The magic is done in the copy constructor and the assignment operator. They increases and decreases the reference counter appropriately so that if you create a copy of the reference, the reference counter if incremented and if a reference is destroyed (goes outside of a scope where was declared) the counter is decreased. Finally, when the reference counter is 0 the object is deleted automatically.

Let's see this in action:

  1. void fill (ReferenceToObj< Buffer > buf)
  2. {
  3. const char *s = "Example content";
  4. buf->append (s, strlen(s));
  5. }
  6.  
  7. fill (ref);

After compiling and running the code we can see that the constructor of Buffer if invoked only once and no object copying/assignment is performed. The object is also destroyed properly. This will be also true if you insert the buffer (ref object int an STL container).
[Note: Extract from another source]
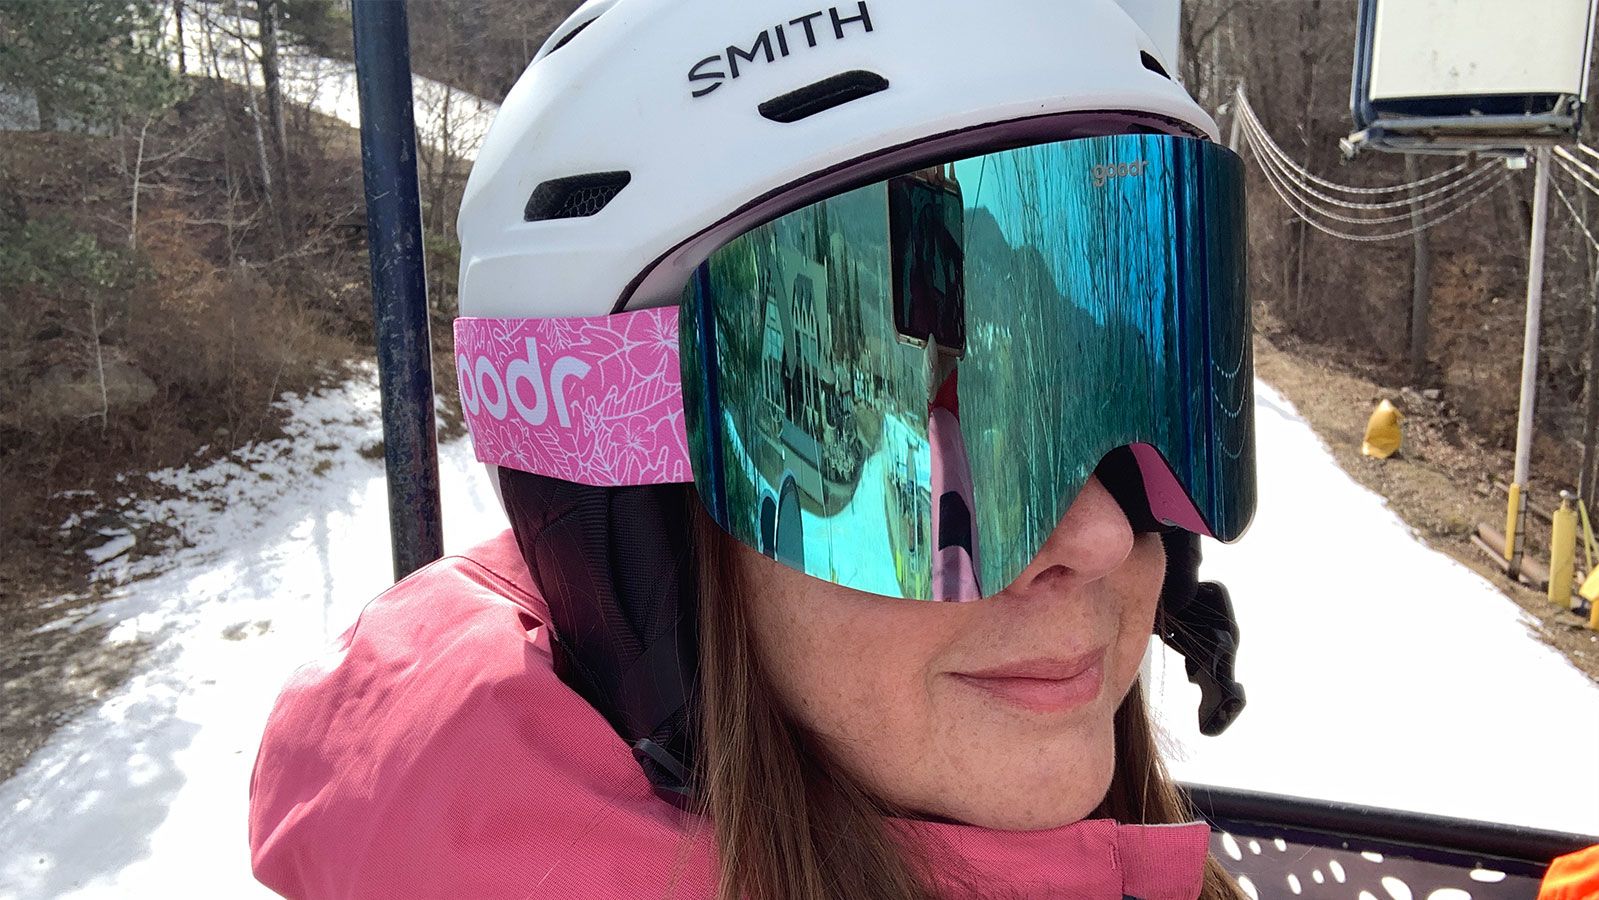 Smith, the new eyewear collection for snow sports - The Pill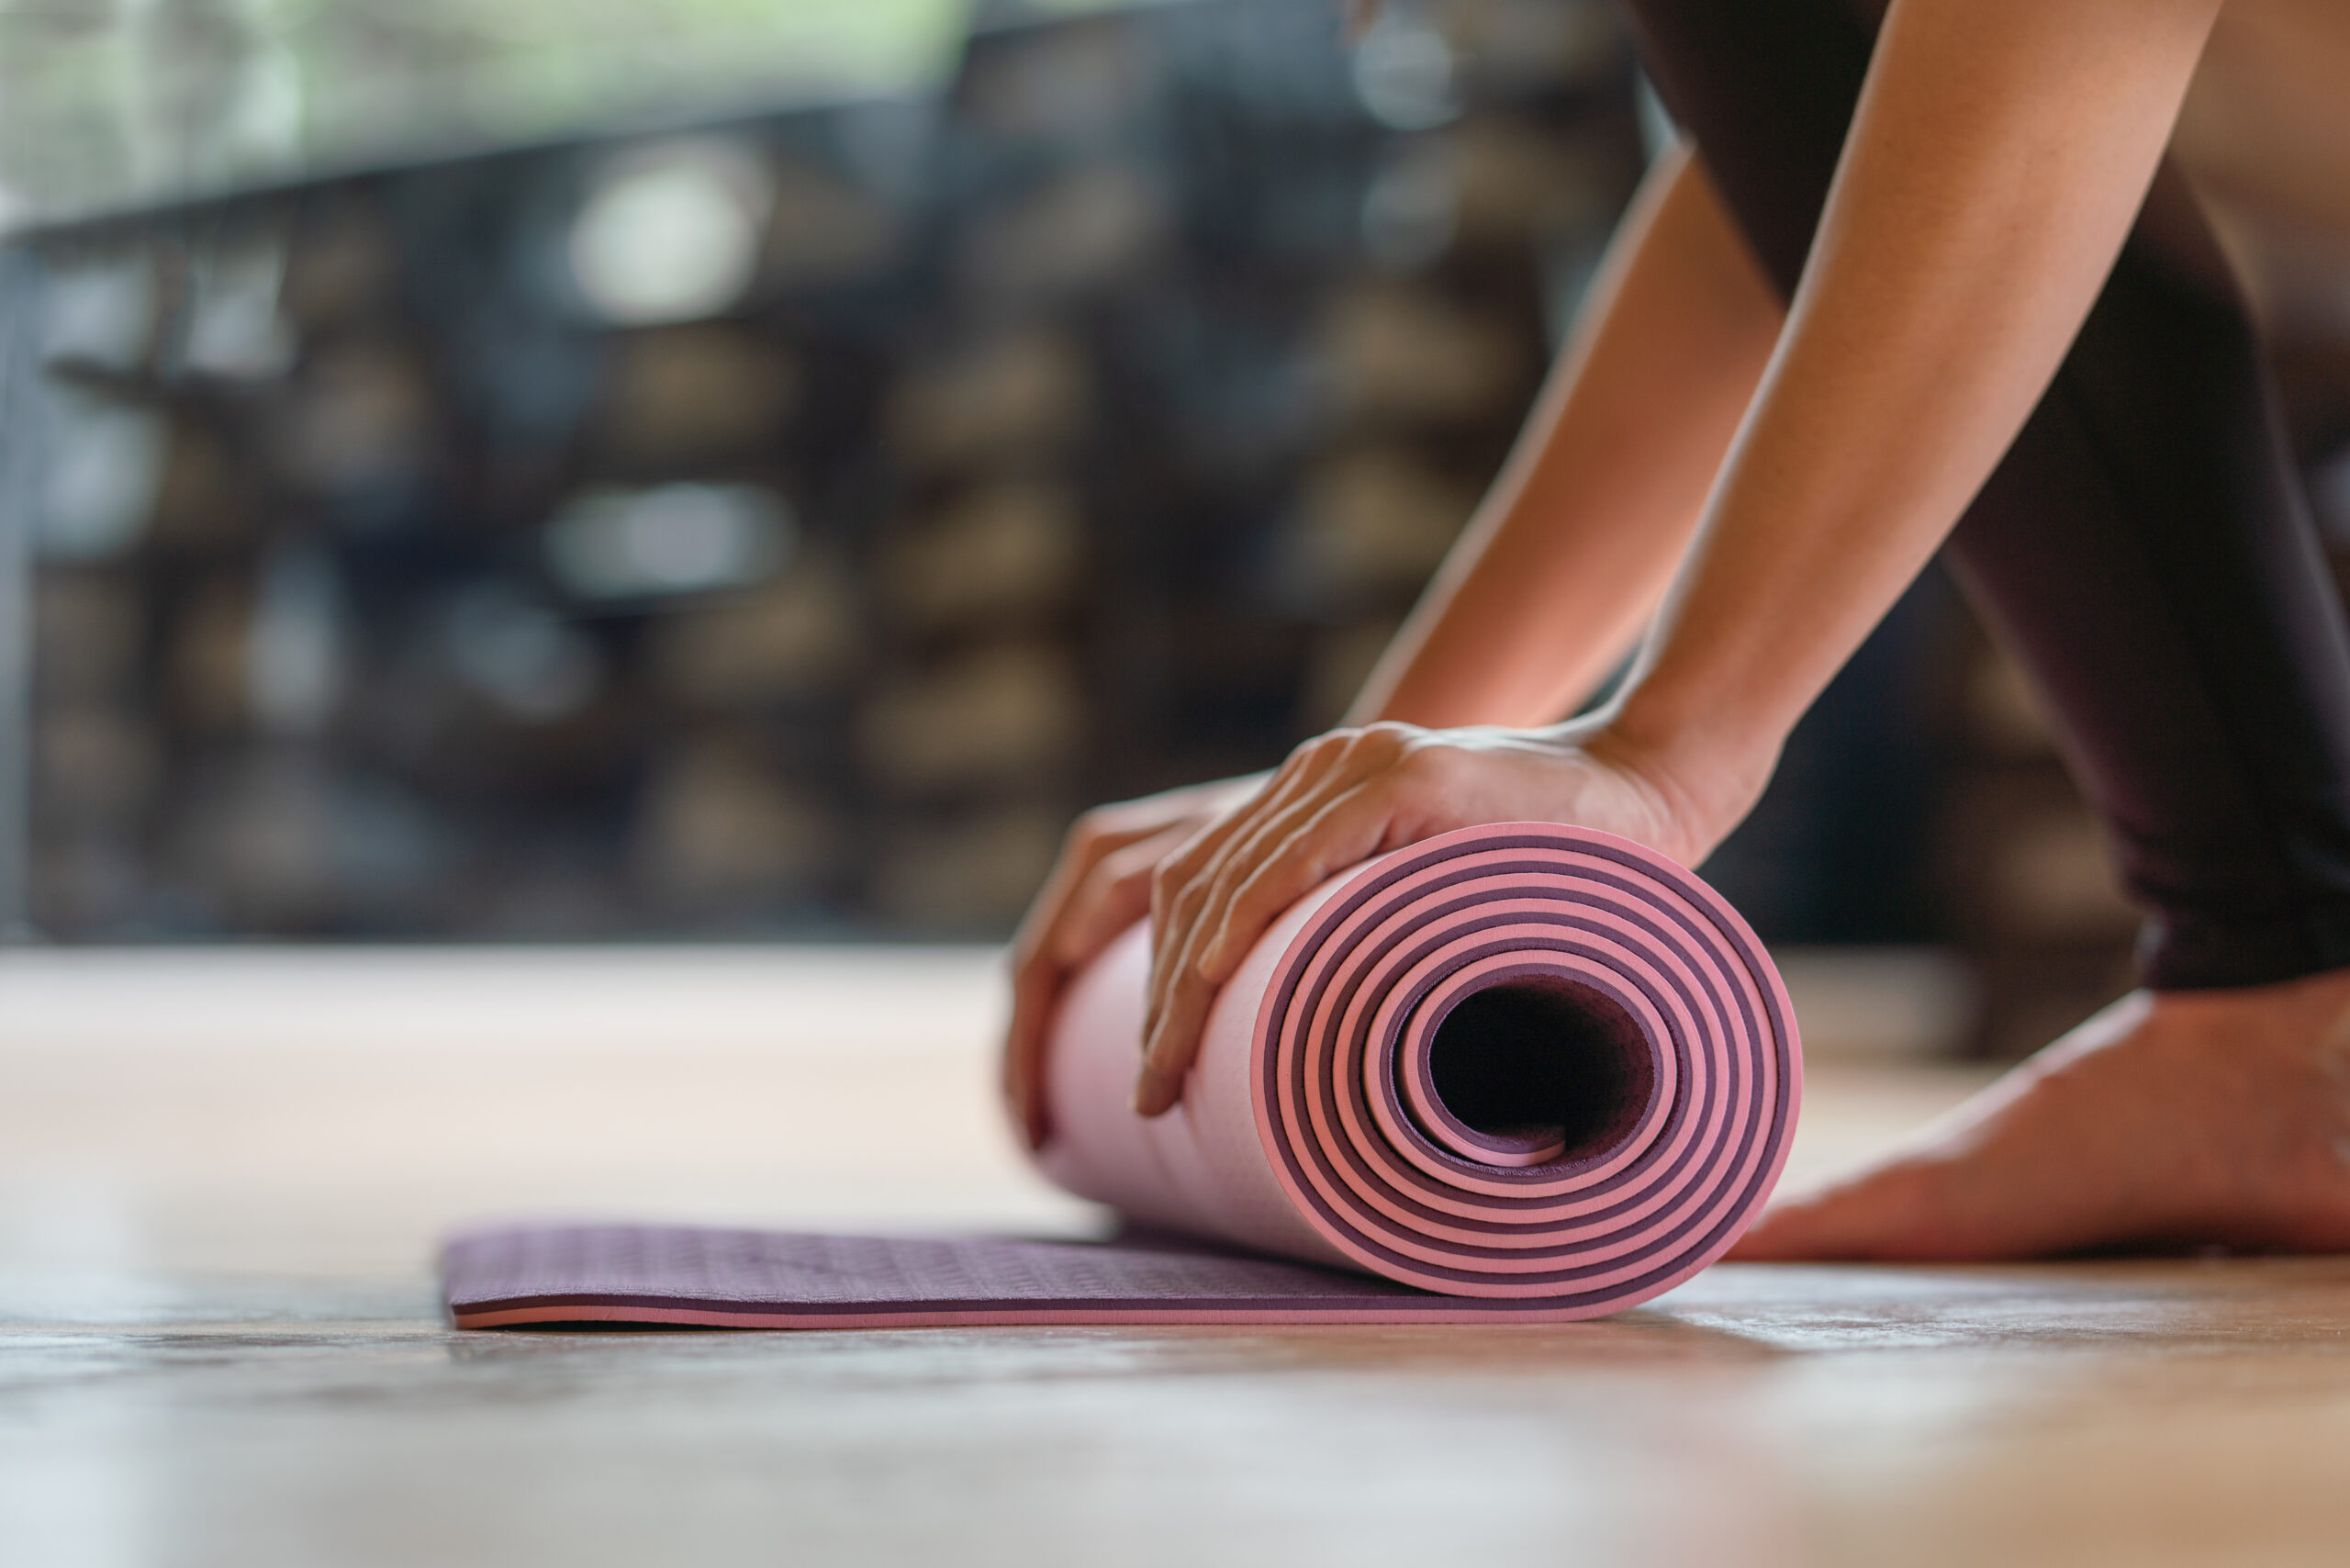 Kansas Built Fitness | Mind & Body classes featuring Yoga and Pilates in Olathe, KS | Pink yoga mat being rolled up by hands

Remember to always pass ReferenceToObj by value, not as a reference or pointer because the whole idea will collapse, reference counter would not be maintained!

Performance


Of course such automagic comes with some cost. How much? I've created a simple class that holds an integer and two functions: both incrementing the integer by one, but taking different arguments:

  1. void increment (ReferenceToObj< Bench > ref) throw ();
  2. void increment (Bench *ref) throw ();

The body of both functions is the same:

  1. ref->set (ref->get() + 1);

Then I'm running them few million times to measure the execution time. If compiled without optimization the pointer version executes about 4 times faster than using the reference. With optimization (but increment() functions are not inlined since whey are in different compilation unit than invoking code) it's about 2 times faster.

In practice You don't use techniques described in this article on such simple objects, so the performance drop will not be as big, this benchmark is the worst case. You can actually boost the performance by avoiding objects copying.

Further improvements


The code above may be improved for example by making it thread-safe to pass references between threads.

Classes and example code


You can download example code and full source of Referenced and ReferenceToObj classes below.

AttachmentSize
cpp_objects_reference_counting.tgz1.79 KB

Comments

ReferenceToObj (ReferenceToObj< T > &orig)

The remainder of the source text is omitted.